══ RECORDED INFORMATION

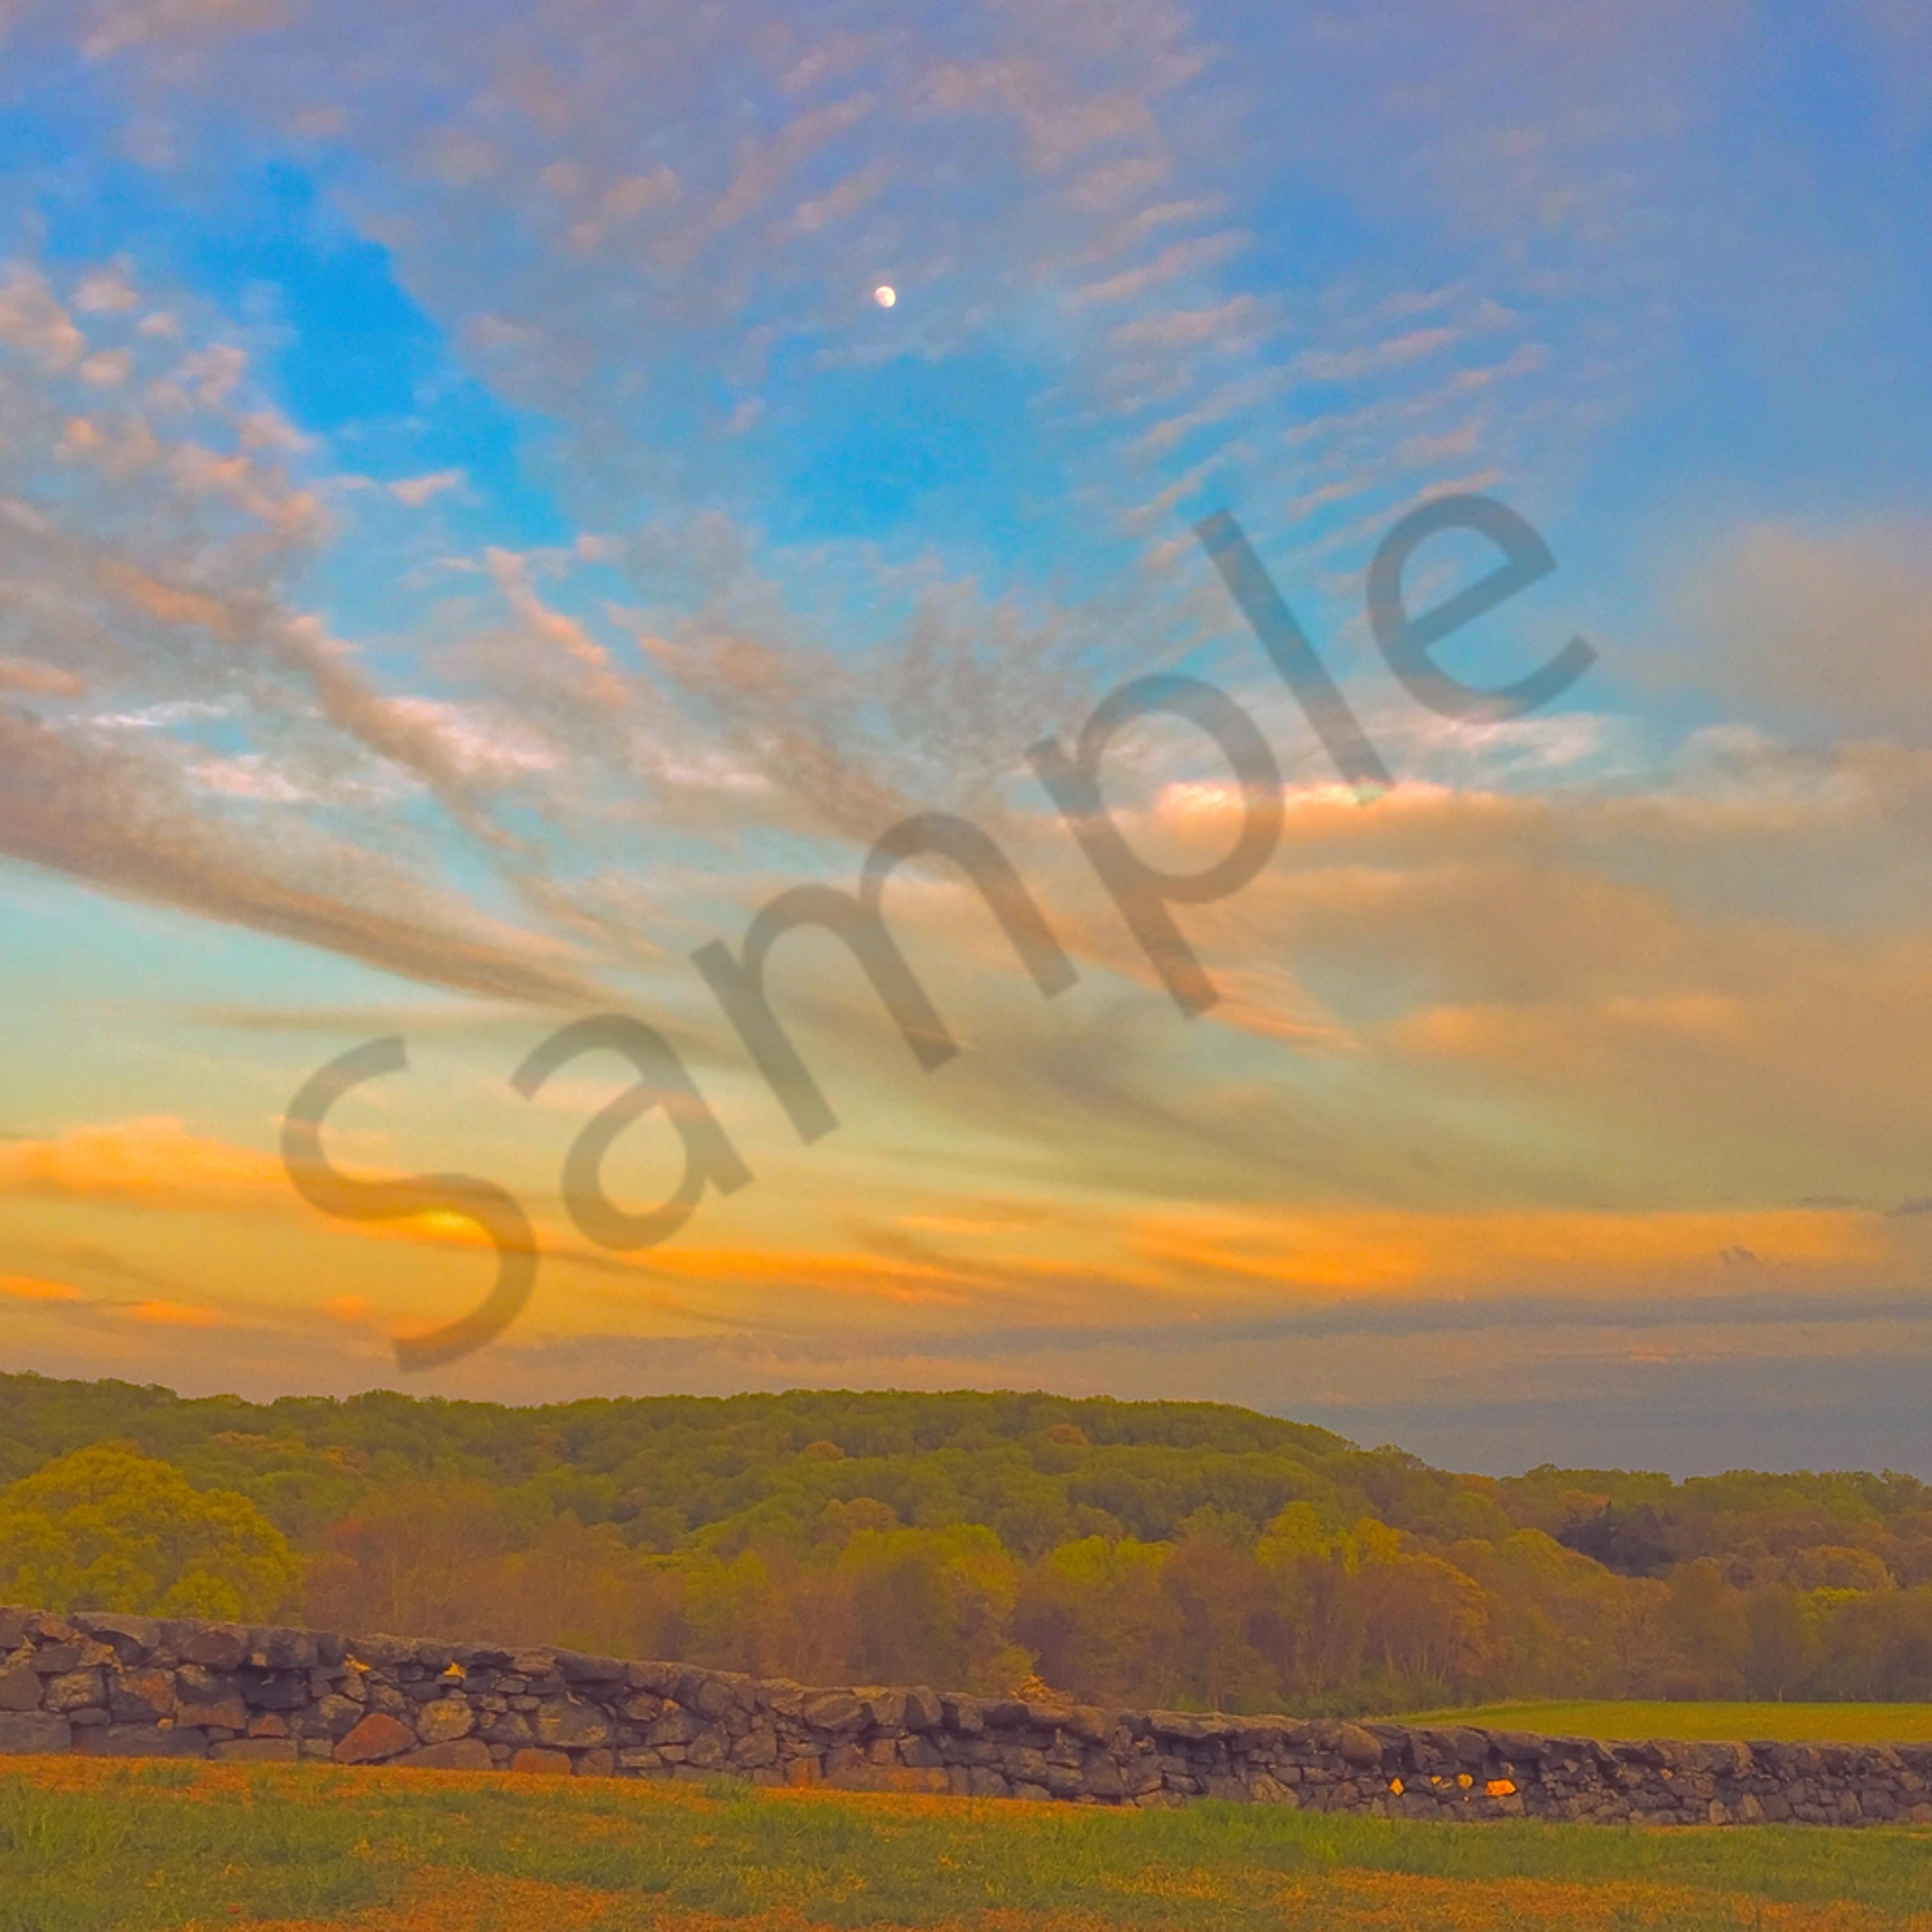 Brandywine spring sky website fkmf3k
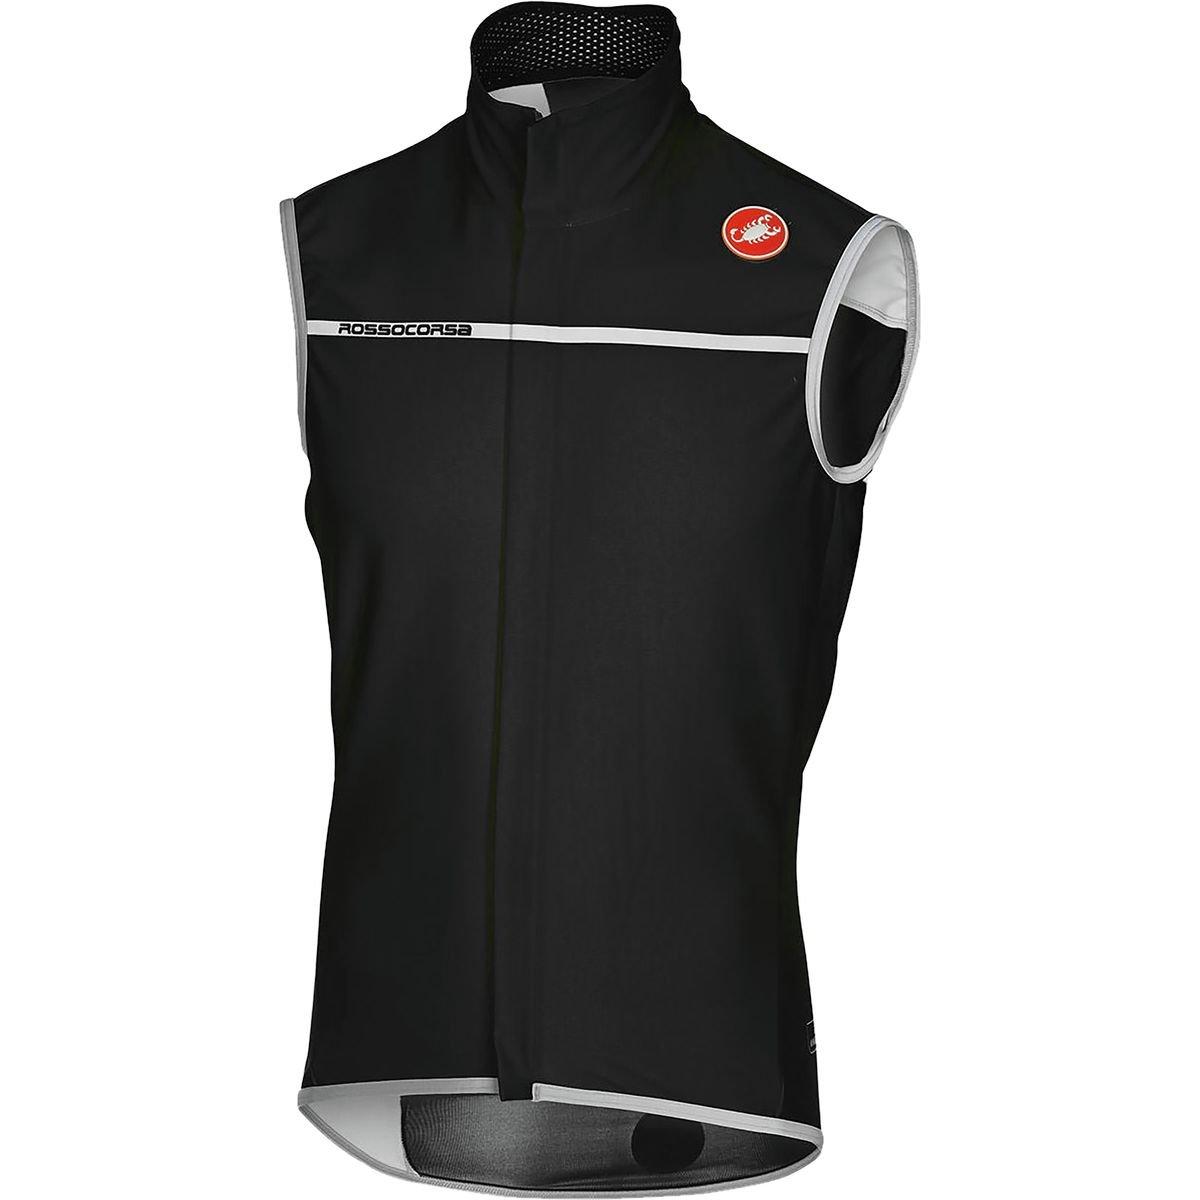 Castelli Perfetto Vest - Men's Light Black, XL by Castelli
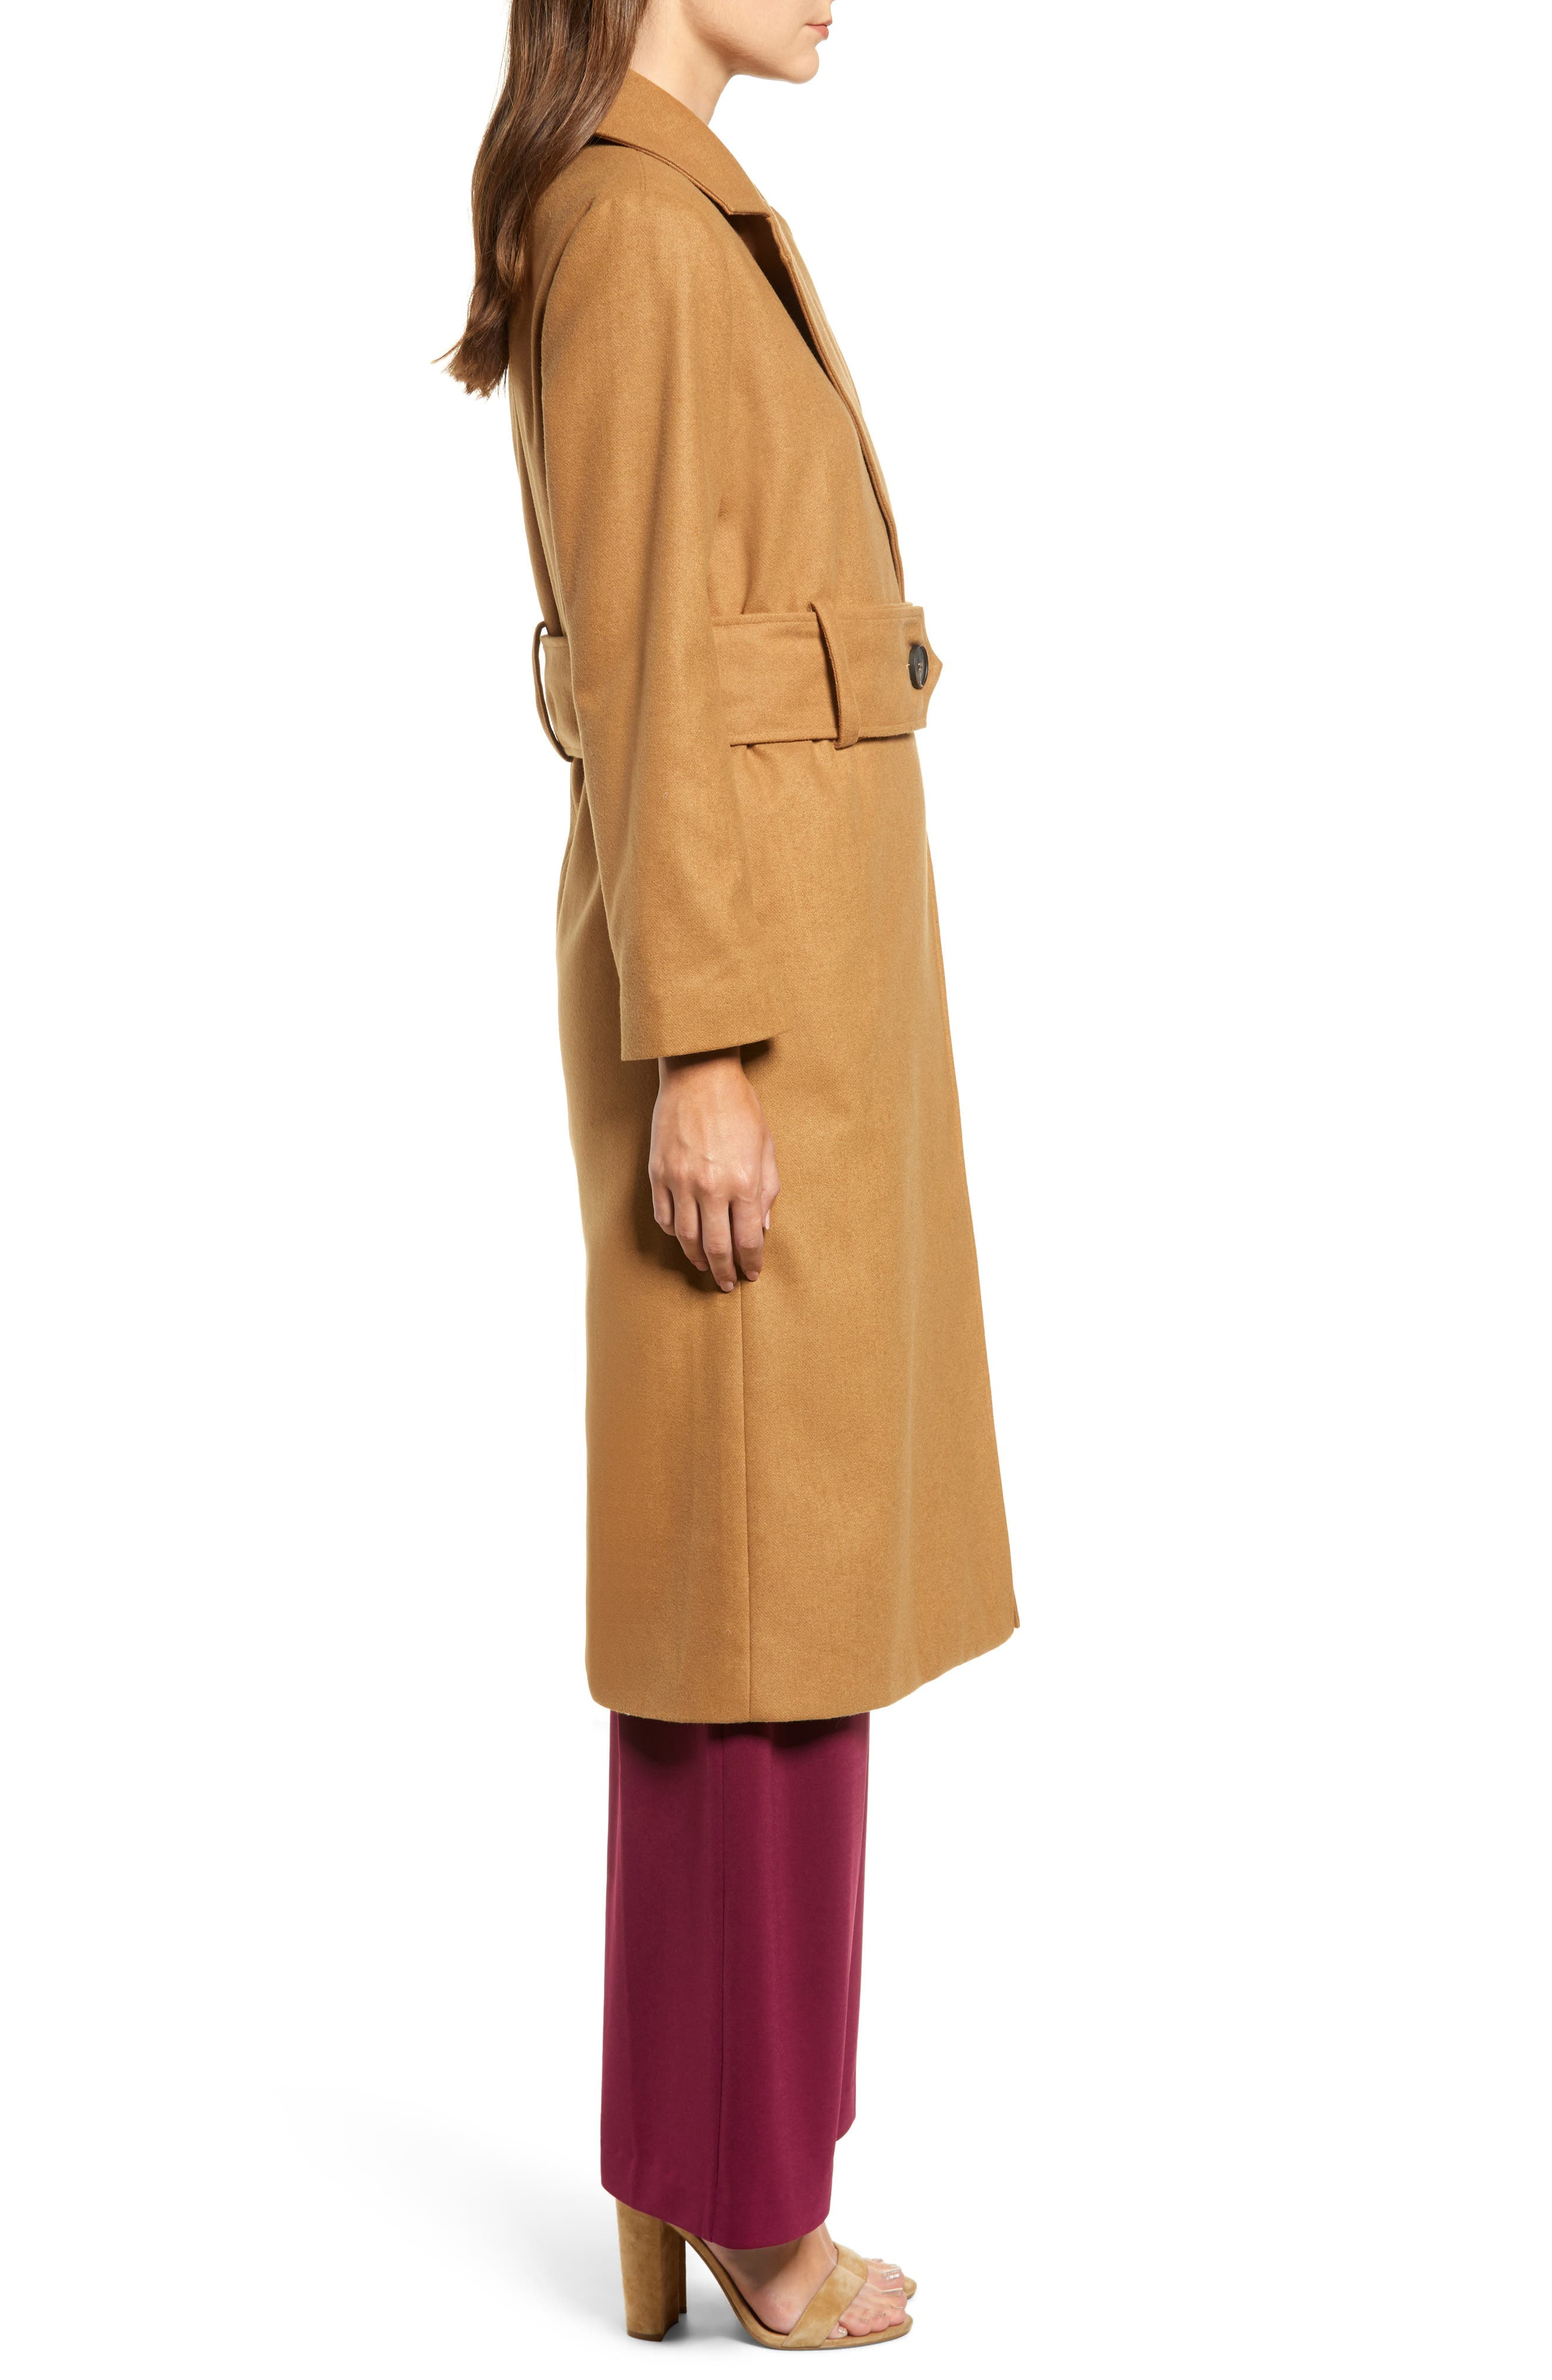 Chriselle Lim Victoria Belted Coat,                             Alternate thumbnail 4, color,                             CAMEL

════

▸ **WHAT THE EXERCISE ASKS**
Now repeat exactly the lines from the one with "Castelli Perfetto Vest" through the end of the listing above, both included, omitting all pictures.

▸ **RESPONSE FOR THIS EXERCISE**
 Castelli Perfetto Vest - Men's Light Black, XL by Castelli
 Chriselle Lim Victoria Belted Coat,                             Alternate thumbnail 4, color,                             CAMEL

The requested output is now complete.